In conclusion, our study shows that the rhizomes of F. japonica and F. × bohemica knotweed contain resveratrol, epicatechin and emodin, with 24% more resveratrol in F. × bohemica than F. japonica. The F. japonica and F. × bohemica methanol extracts and the knotweed phenols increase oxidative stress in the severely suppressed radish roots. The methanol extracts show higher phytotoxic activities against radish seedlings compared to the individual knotweed phenols or to their mixture. The effects of these treatments are mainly evident as reduced seed germination and strong suppression of root growth of the 3-day-old radish seedlings. Moreover, the biochemical parameters of oxidative stress, lipid peroxidation and antioxidants activity, increase in the roots of these treated seedlings.
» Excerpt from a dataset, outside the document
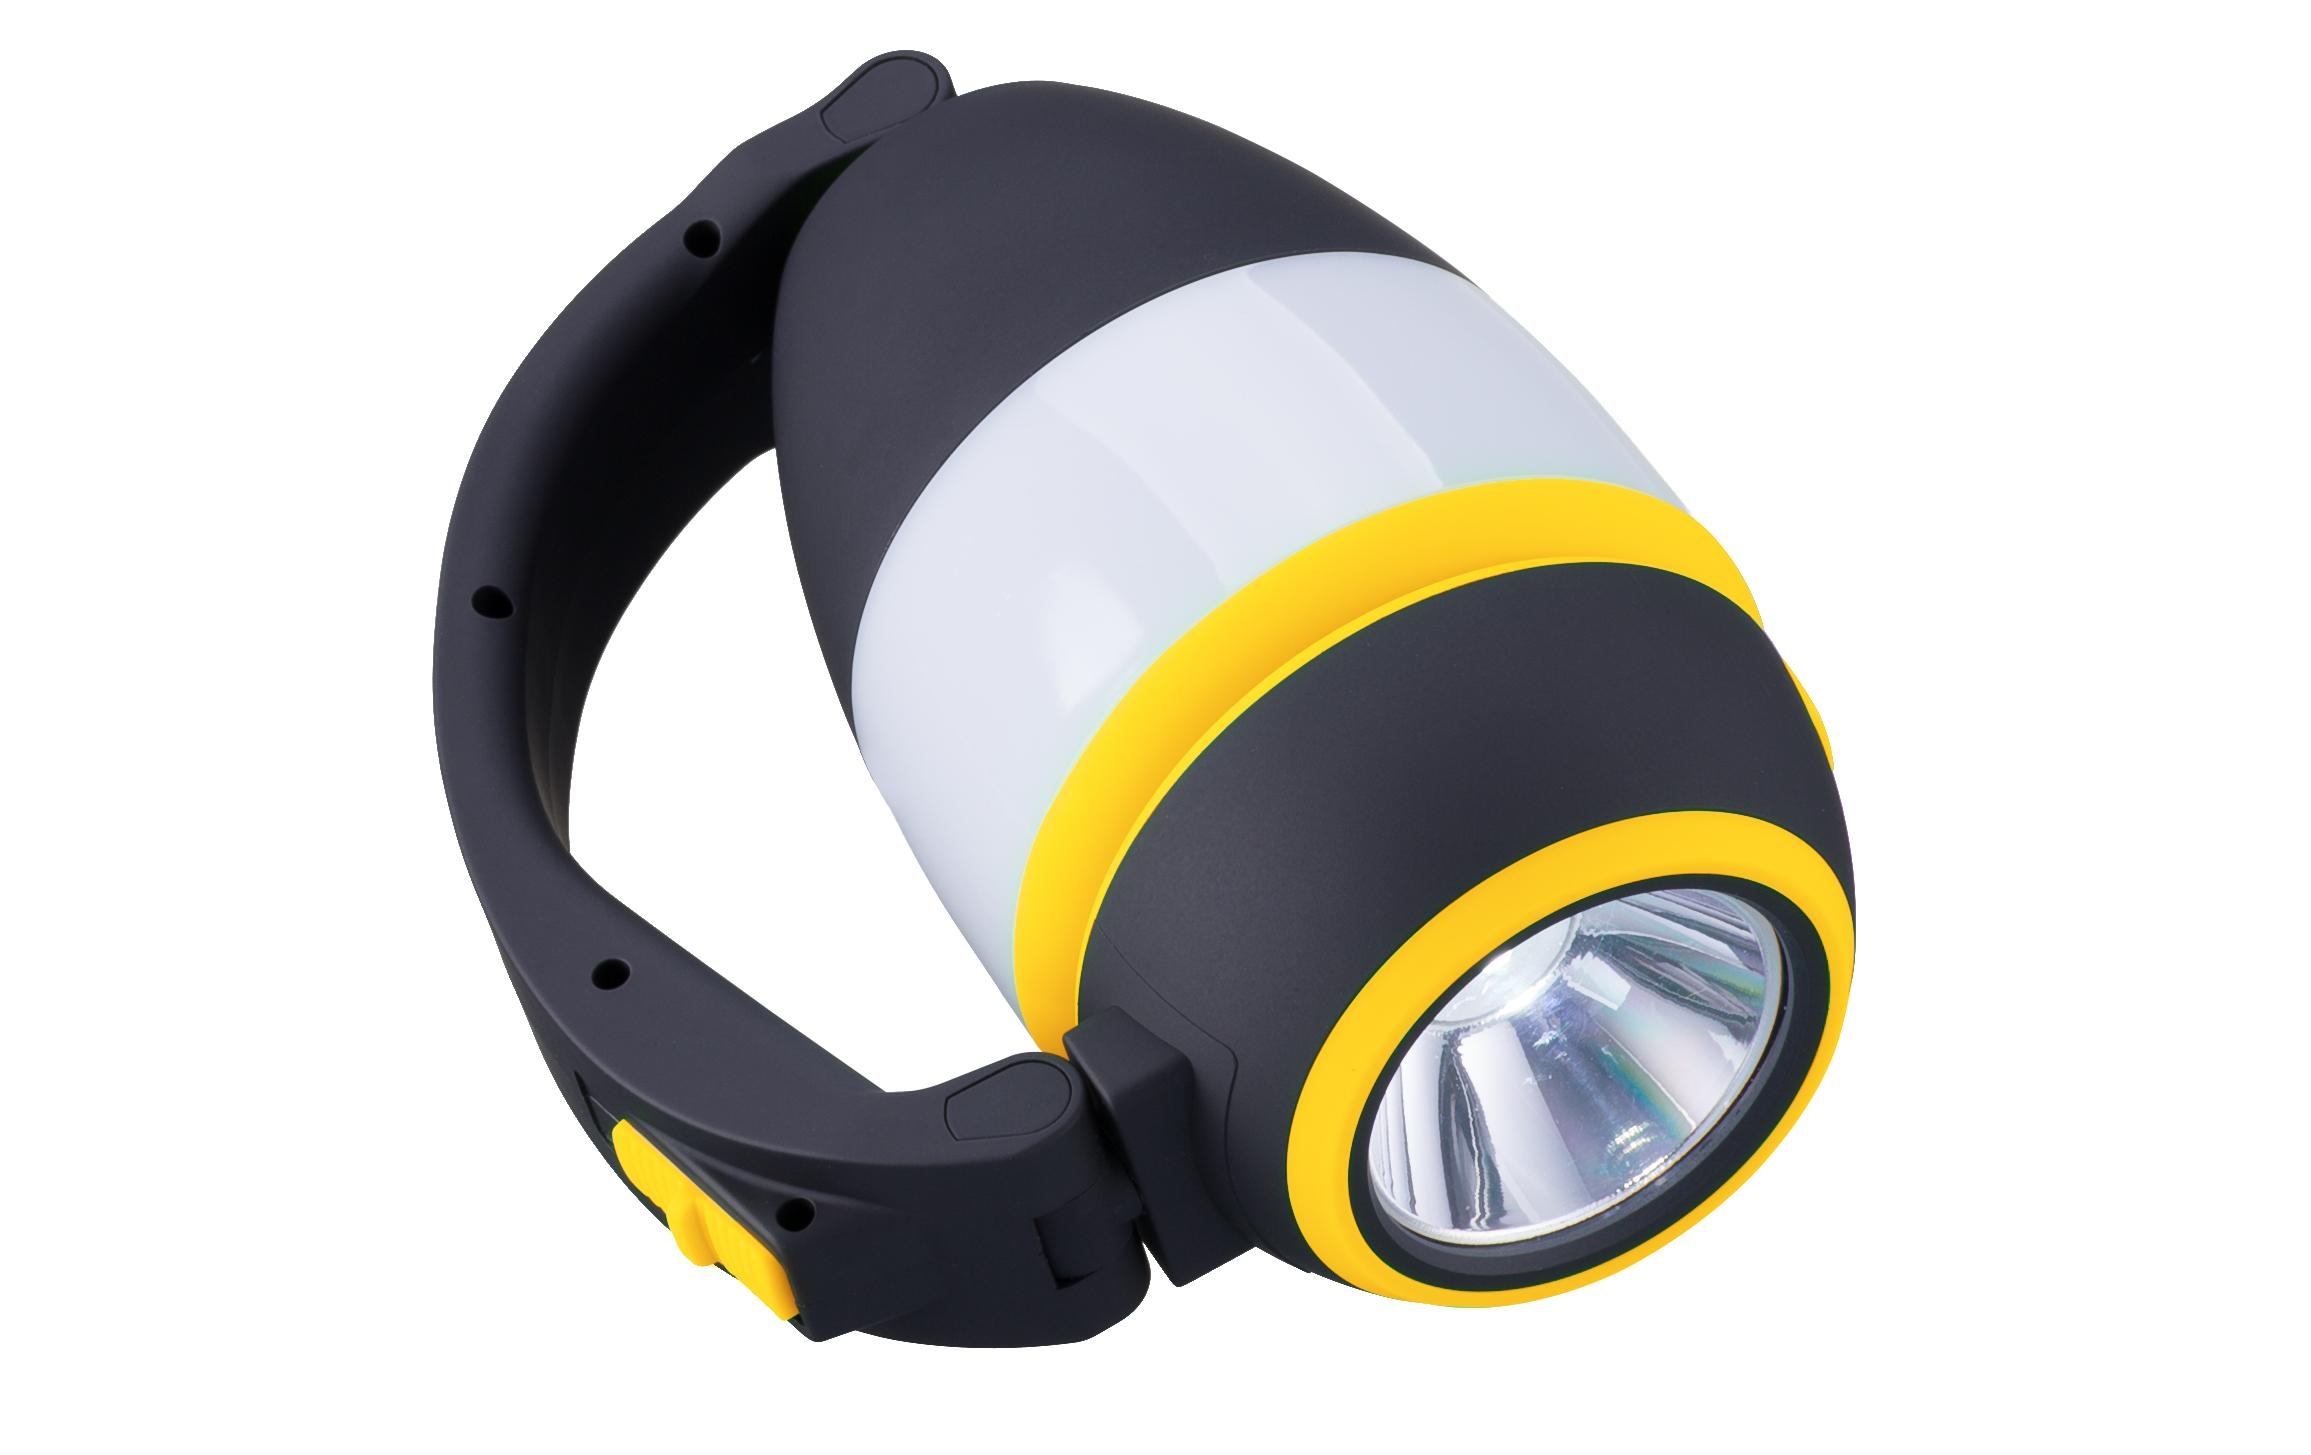 NATIONAL GEOGRAPHIC LED Laterne »Outdoor 3in1 Outdoor-Laterne«, 1 flammig
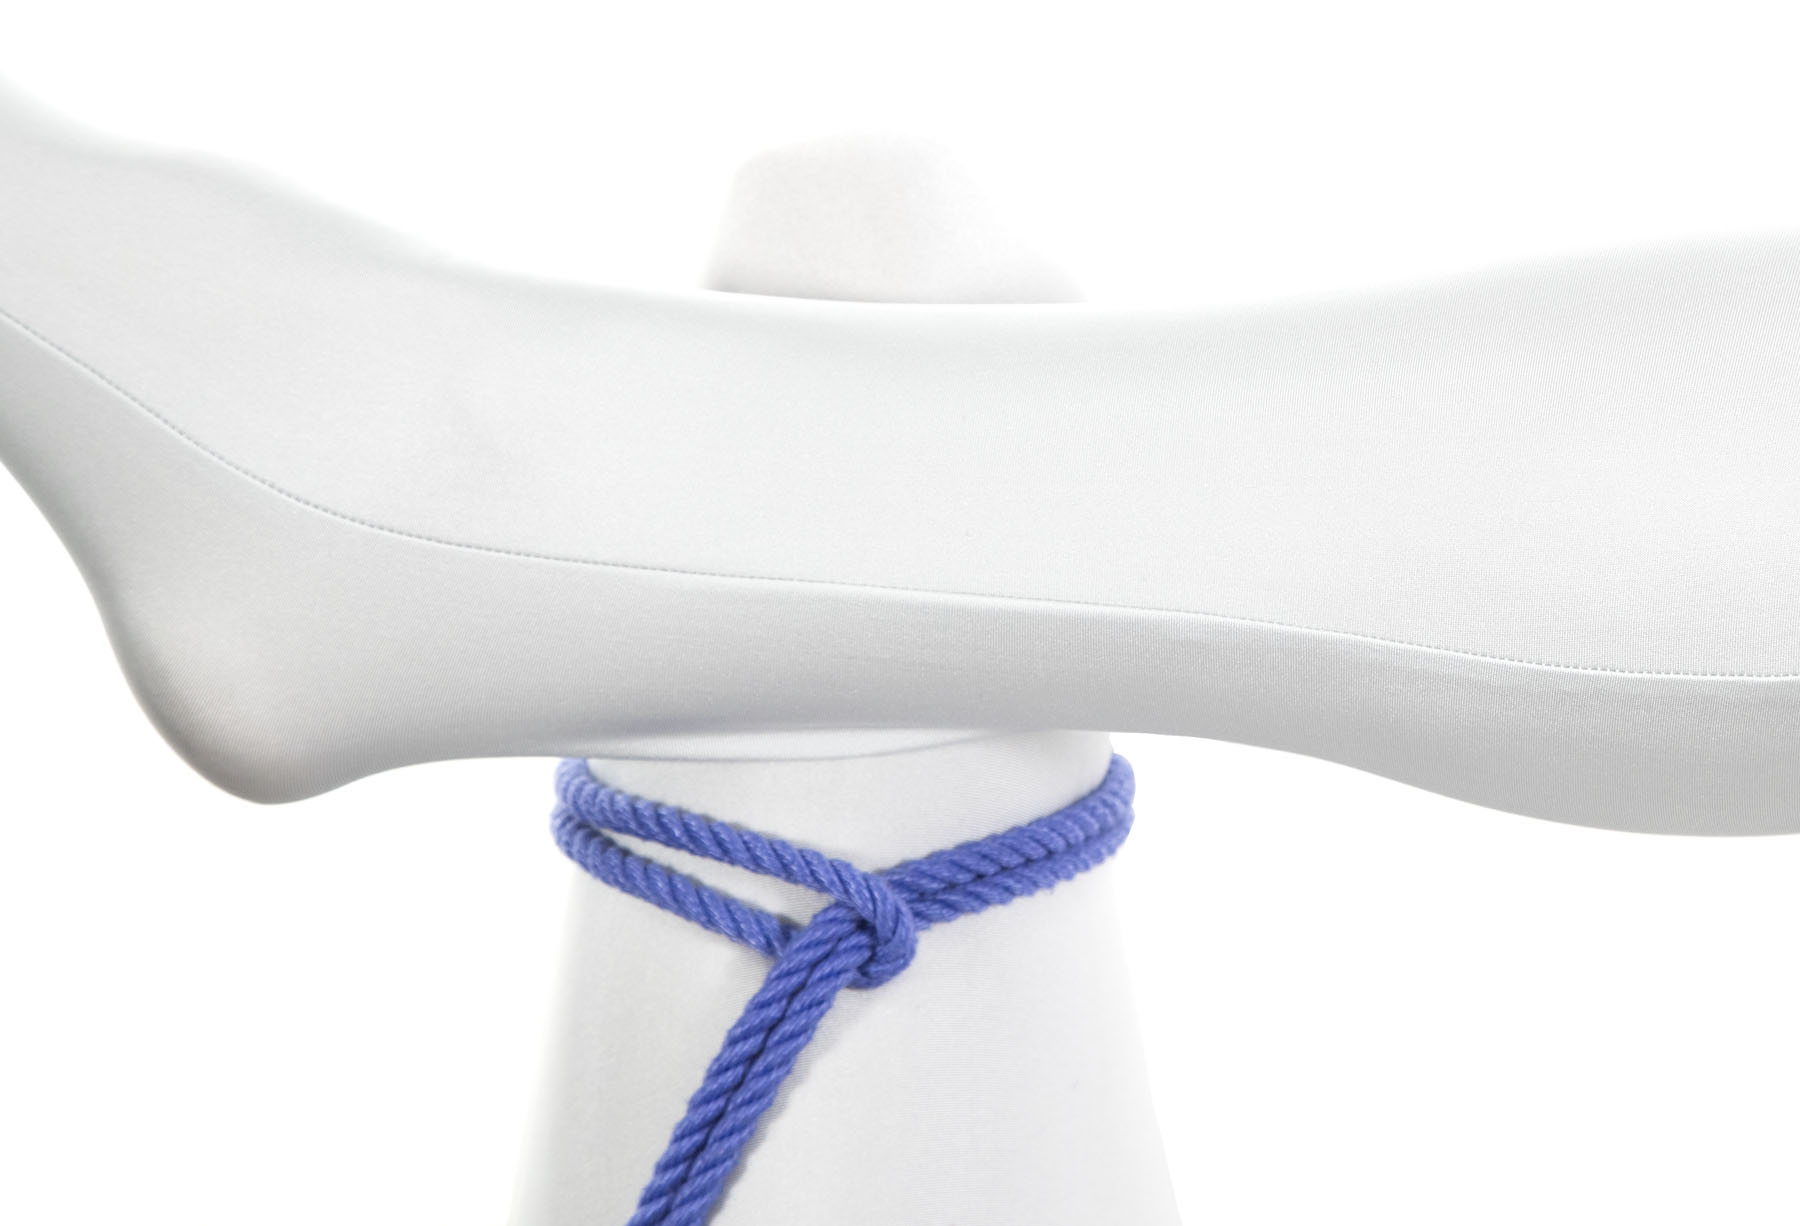 We are looking down at the legs of a seated person in a white bodysuit. The right leg is bent and laid on top of the left leg, with the ankle of the right leg just above the knee of the left leg. The bight of a blue rope goes clockwise around the thigh of the left leg, right above where the ankle crosses it. The rope goes through the bight and is resting on top of the left leg.

The observed differences between extracts of both knotweed species could be related to higher resveratrol content in F. × bohemica rhizomes. The results of laboratory experimental setup enable studies of the phytotoxic effects on cellular and anatomical level allowing insight to the mechanisms of allelopathy but have limited significance for allelopathic interactions in the field as these interactions are very complex and depend also on the environmental factors like soil composition. Therefore, for further analysis, we propose to conduct field experiments to investigate the effects of knotweed on other plants and rhizosphere microbiome.